I would keep exuding health and energy and life and smile and be yourself.  Sometimes, I will explain my story as others tell me their "story".   If the person is offensive or I'm grumpy, I may just smile and say, "no, thanks very much, it's not cancer, it's an autoimmune condition".  After all this time, I usually DO explain what is alopecia so I can educate people.

My personal irritation is when strangers say, "oh, so it's NOT CANCER, it's JUST hair loss. Oh, that's good".   they have no idea what other health issues I have (and I have some pretty painful ones) or personal life circumstances with which I struggle.     Drives me nuts.  but what can you do?  Just grin, I guess and walk away. 

???????  Sorry, I couldn't offer more sage advice. I understand the issue, though. 

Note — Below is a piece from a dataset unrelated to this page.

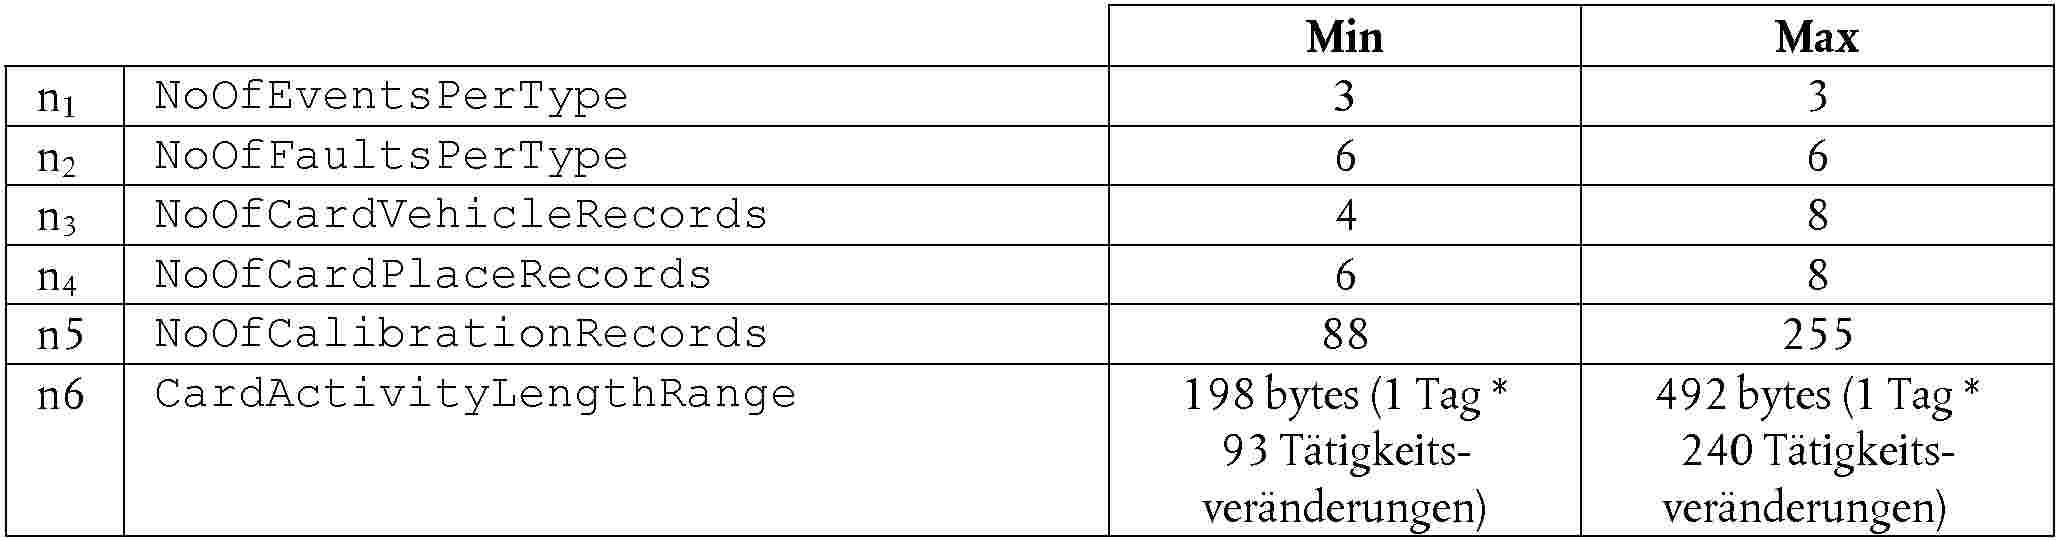 EUR-Lex - 01985R3821-20111001 - EN - EUR-Lex

Girl, what's most important is your level of comfort. I frequently go out without anything on my head. You really get used to the stares and cancer comments in my opinion. My mindset has changed from loathesome annoyance to doing a public service. I never educate for long though. Its a waste of time. My explanation is "i have alopecia. My body decided to not grow hair anymore for now". Leave it at that and be on your merry way. If they ask more, remember they're being nosy at this point and it's beter if you just say "i better go do this...". I've never had someone randomly approach me about it but I live in Colorado right now and peole arent as outgoing as im Texas. It's only medical professionals and people at parties who ask. If i had a random person on the street ask id say... "no, i dont have cancer" and thats it.
Also I just moved from Texas, I know the talkativeness of everyone. I love talking to strangers but that's such a personal question that anyone knows that's impolite to ask, their curiosity is just burning and they don't care about social cues at that point. Put them back in the place of manners. I know texas is about manners, too. What if you did have cancer... would you really want to have ghat conversation with some random person?

I lost my hair when I was 8 and never had my diagnosis until I was 21. As a kid I never wore a wig cause a hat and people always stop to ask me if I was ok and if I had cancer. Like "I'm 9 and you can clearly see I'm healthy and have way more energy than you. I'm not on chemo, my hair is just gone. Bye". I know it seemed rude of me when I was younger and thankfully I was never picked on except one time. Other than that people just stop asking once I stare them down. Eventually as a teenager I just let them assume whatever. Now as an adult I wear wigs everyday so no one notices.

Funny thing was my mom had cancer a few years ago and wouldn't step outside the door when she lost her hair and i keep reminding her that "what do you think I went through as an child till now?," then she steps out but with a beanie on her head. It was funnier when she could pull off the bald look due to her flat head when I just look like an alien. haha

My mom is going thru the same now. I feel like it's been good for both of us that I've already gone thru the hair loss portion. I got to shave off the last of her hair and it was quite liberating I think. Not as hard for her as it may have been if she hadn't seen me go thru it.